"Augustine" : Vincent Lindon incarne les troubles de Charcot
De Alice Winocour (France), avec : Vincent Lindon, Stéphanie Sokolinski, Chiara Mastroianni - 1h42 - Sortie : 7 novembre
Synopsis : Paris, hiver 1885. A l’hôpital de la Pitié Salpêtrière, le professeur Charcot étudie une maladie mystérieuse : l’hystérie. Augustine, 19 ans, devient son cobaye favori, la vedette de ses démonstrations d’hypnose. D’objet d’étude, elle deviendra peu à peu objet de désir.
Lumières sur Charcot
La psychiatrie ou la psychanalyse constituent des sujets régulièrement traités au cinéma : « Freud » de John Huston, « Vol au-dessus d’un nid de coucous » de Milos Forman, « Chromosome 3 » et « A Dangerous Method » de David Cronenberg en déclinent quelques titres. « Augustine » est en fait le deuxième film en un an consacré au professeur Charcot et sa célèbre patiente, après le très beau moyen métrage éponyme de Jean-Claude Monod et Jean-Christophe Valtat sorti en décembre 2011.
Premier long métrage de Alice Winocour, « Augustine » se révèle d’une étonnante maîtrise, tant dans l’écriture d’un sujet délicat, que dans la forme, à la très belle cinématographie. L’utilisation de la lumière, intérieure comme extérieure, signée Georges Lechapois, est de ce point de vue splendide, créant des ambiances toutes en nuances, de l’éclairage aux bougies, au frisé des brumes automnales.
La jeune réalisatrice de 36 ans a également concocté un casting parfait.
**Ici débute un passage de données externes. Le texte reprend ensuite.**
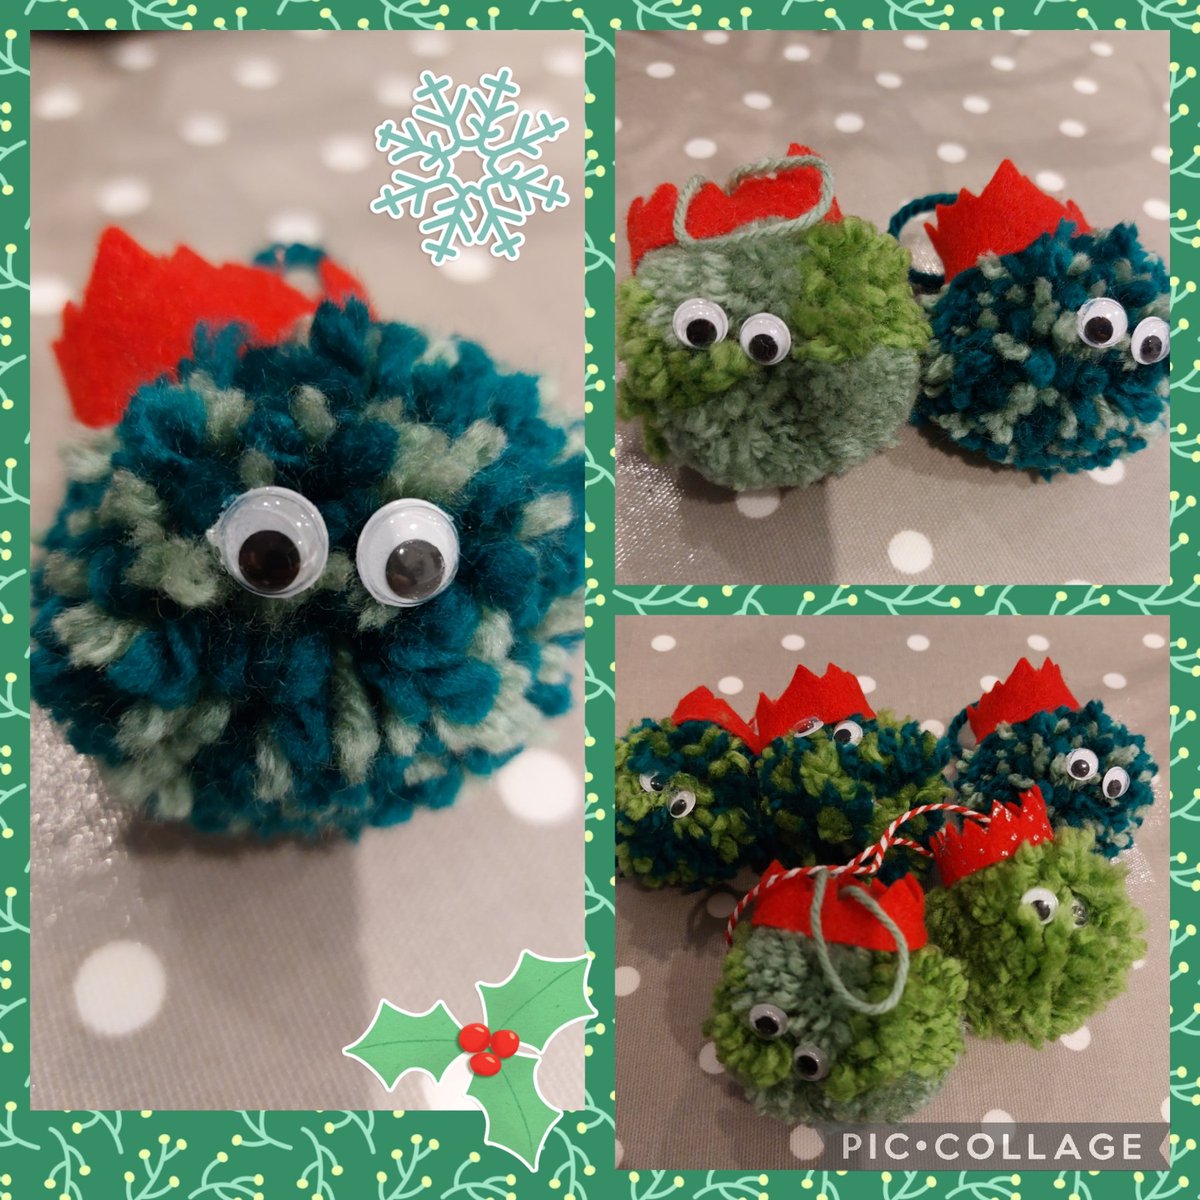 Everyone needs one if these cute guys on their #ChristmasTree handmade by students on #theautismproject @CareTradeUK visit @MIGreenwich this weekend & take one home(& see the other fab stuff they made) #supportingindependentshops #greenwich @GSTT @cosouthwark @Royal_Greenwich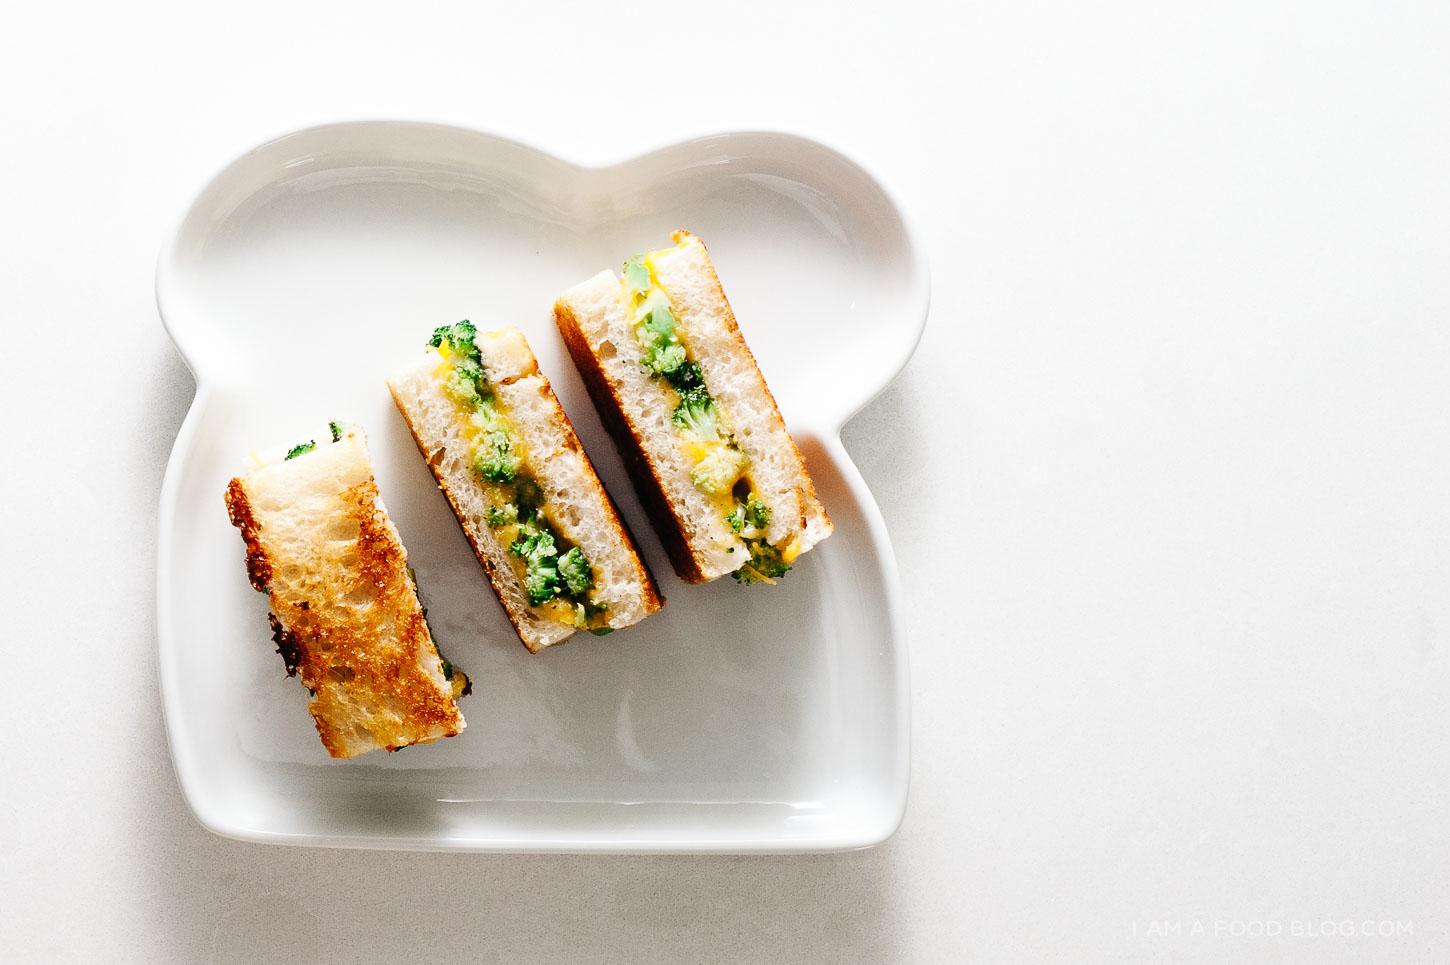 broccoli and cheddar grilled cheese recipe - www.iamafoodblog.com

Vincent Lindon est remarquable en Charcot, tout en autorité, volontariste, ambitieux et dirigiste, mais fragilisé par ses origines modestes et le trouble grandissant que lui évoque sa patiente. Stéphanie Sokolinski,est impressionnante dans le rôle-titre, avec son physique très en phase avec l’époque, la palette de sentiments qu’elle exprime et le réalisme qu’elle insuffle dans les scènes de crises d’hystérie. Enfin Chiara Mastroianni apporte toute la prestance aristocratique à l’épouse de Charcot, d’origine noble, influente dans la carrière de son époux et discrètement suspicieuse dans les rapports qu’il entretient avec ses patientes. Alice Winocour n’en n’oublie pas pour autant les autres patientes, qui, à espaces réguliers, parlent de leur maladie directement à la caméra. Pour ce faire, elle a fait appel à de véritables malades, en cours de traitement ou guéries.
Fantastique
Alice Winocour ne s’est pas pour autant restreinte à un simple biopic qui aurait pu tomber dans le naturalisme pur et simple, à la reconstitution historique millimètrée. Cette dernière, sobre, n’en n’est pas moins fort juste et éloquente. La cinéaste, qui a également signé le scénario, a préféré glisser de la fiction dans le récit, tout en conservant la réalité des faits. Ce méticuleux mélange équilibré dramatise une histoire scientifique qui aurait pu sombrer dans le débat de spécialistes. La cinéaste ne cache pas son désir de fantastique dans son approche, déclarant "L’hystérie, en soi, est tout sauf naturelle. Le corps se met à faire des choses qu’il ne peut pas faire normalement". Et de revendiquer son admiration pour David Cronenberg et David Lynch. La Salpêtrière est également un endroit plein de mystères, où se déroulent des choses subversives. En fait, l’histoire de la découverte de l’hystérie et des maladies nerveuses est éminemment romanesque et le rôle de Charcot ambigu.
Le grand homme pratiquait des séances de démonstration des symptômes de l’hystérie en exhibant ses patientes, d’abord devant des assemblées de médecins, puis devant des bourgeois qui venait se rincer l’œil devant ces femmes a moitié dénudées qui se convulsaient dans des poses suggestives. La pratique de l’hypnose pour déclencher la crise est également à la limite de la supercherie. Cet exhibitionnisme n’est pas sans évoquer celui des monstres de foire et rappelle la Vénus hottentote que ressuscitait Abdelafif Kechiche dans « Vénus noire » en 2010.
Sans pour autant dénoncer Charcot « Augustine » porte un regard novateur sur le savant. De manipulateur, il devient manipulé par sa patiente qui va le pousser à l’acte, pour mieux l’abandonner et obtenir ainsi une victoire sur lui, libératrice, et lui permettre de s’enfuir de la Salpêtrière, une fois guérie. Mise en perspective d’un sujet passionnant, magnifiquement traité, « Augustine » augure d’un grand talent à venir dans un cinéma français en manque de renouvellement. Une révélation.